String Diffing
I’ve wanted to have some wiki-like diffing in my userform textboxes for a while now. Since I’ve been using wikis almost daily, I want the revisioning feature in everything I do. I’m not there yet, but I decided to see what kind of algorithm I would need to do it. I read the Wikipedia article on longest common subsequence and played around with it a little.
Dim aReturn() As Long
Dim i As Long, j As Long
'aOriginal and aRevised should be 1-based. Here we make a matrix with a gutter
'row and column that will always be zero.
ReDim aReturn(0 To UBound(aOriginal), 0 To UBound(aRevised))

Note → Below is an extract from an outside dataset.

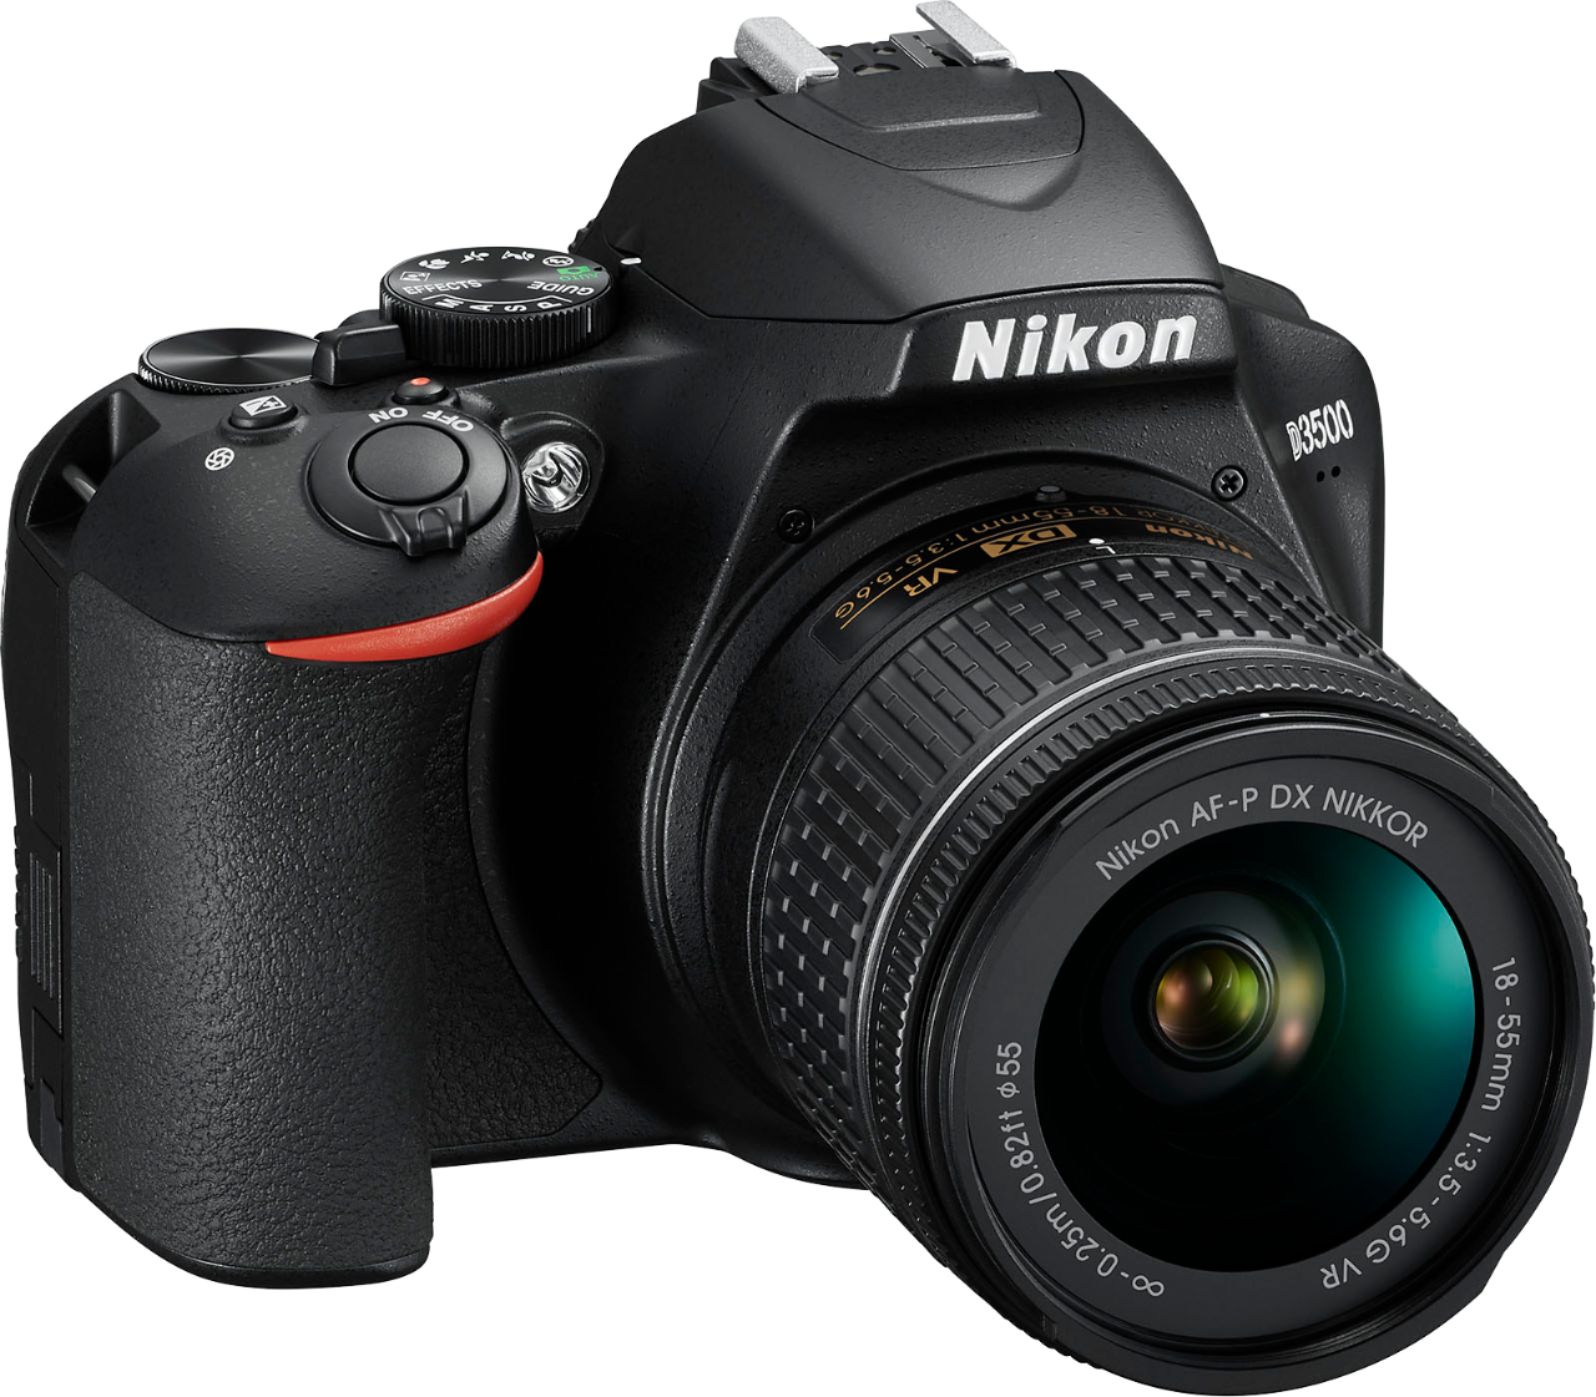 Angle View: Nikon - D3500 DSLR Video Two Lens Kit with AF-P DX NIKKOR 18-55mm f/3.5-5.6G VR & AF-P DX NIKKOR 70-300mm f/4.5-6.3G ED - Black

For i = 1 To UBound(aOriginal)
For j = 1 To UBound(aRevised)
'If the elements match, bump up the count from the element
'one up and one left
If aOriginal(i) = aRevised(j) Then
aReturn(i, j) = aReturn(i - 1, j - 1) + 1
Else
'If they don't match, copy the largest from either above or from the left
aReturn(i, j) = Application.WorksheetFunction.Max(aReturn(i, j - 1), aReturn(i - 1, j))
End If
Next j
Next i
LCSTable = aReturn
End Function
This code is called LCSLength in the article. It returns a matrix (2d array) with counts of matching elements at each position. For instance, if you’re diffing “Dick” and “Rick”, they have three letters in common and this table will compute that. It looks like this
| R | i | c | k | ||
| 0 | 0 | 0 | 0 | 0 | |
| D | 0 | 0 | 0 | 0 | 0 |
| i | 0 | 0 | 1 | 1 | 1 |
| c | 0 | 0 | 1 | 2 | 2 |
| k | 0 | 0 | 1 | 2 | 3 |
The rest of the functions use this table to figure out what’s what.
Dim sReturn As String
If i = 0 Or j = 0 Then
sReturn = ""
ElseIf aOriginal(i) = aRevised(j) Then
sReturn = LCSString(vaTable, aOriginal, aRevised, i - 1, j - 1) & aOriginal(i)
Else
If vaTable(i, j - 1) > vaTable(i - 1, j) Then
sReturn = LCSString(vaTable, aOriginal, aRevised, i, j - 1)
Else
sReturn = LCSString(vaTable, aOriginal, aRevised, i - 1, j)
End If
End If
LCSString = sReturn
End Function
This function (called backtrack in the article) traces back through the table and outputs the longest common subsequence. It’s a recursive function (it calls itself) and continually appends letters (or other elements) on to the return string.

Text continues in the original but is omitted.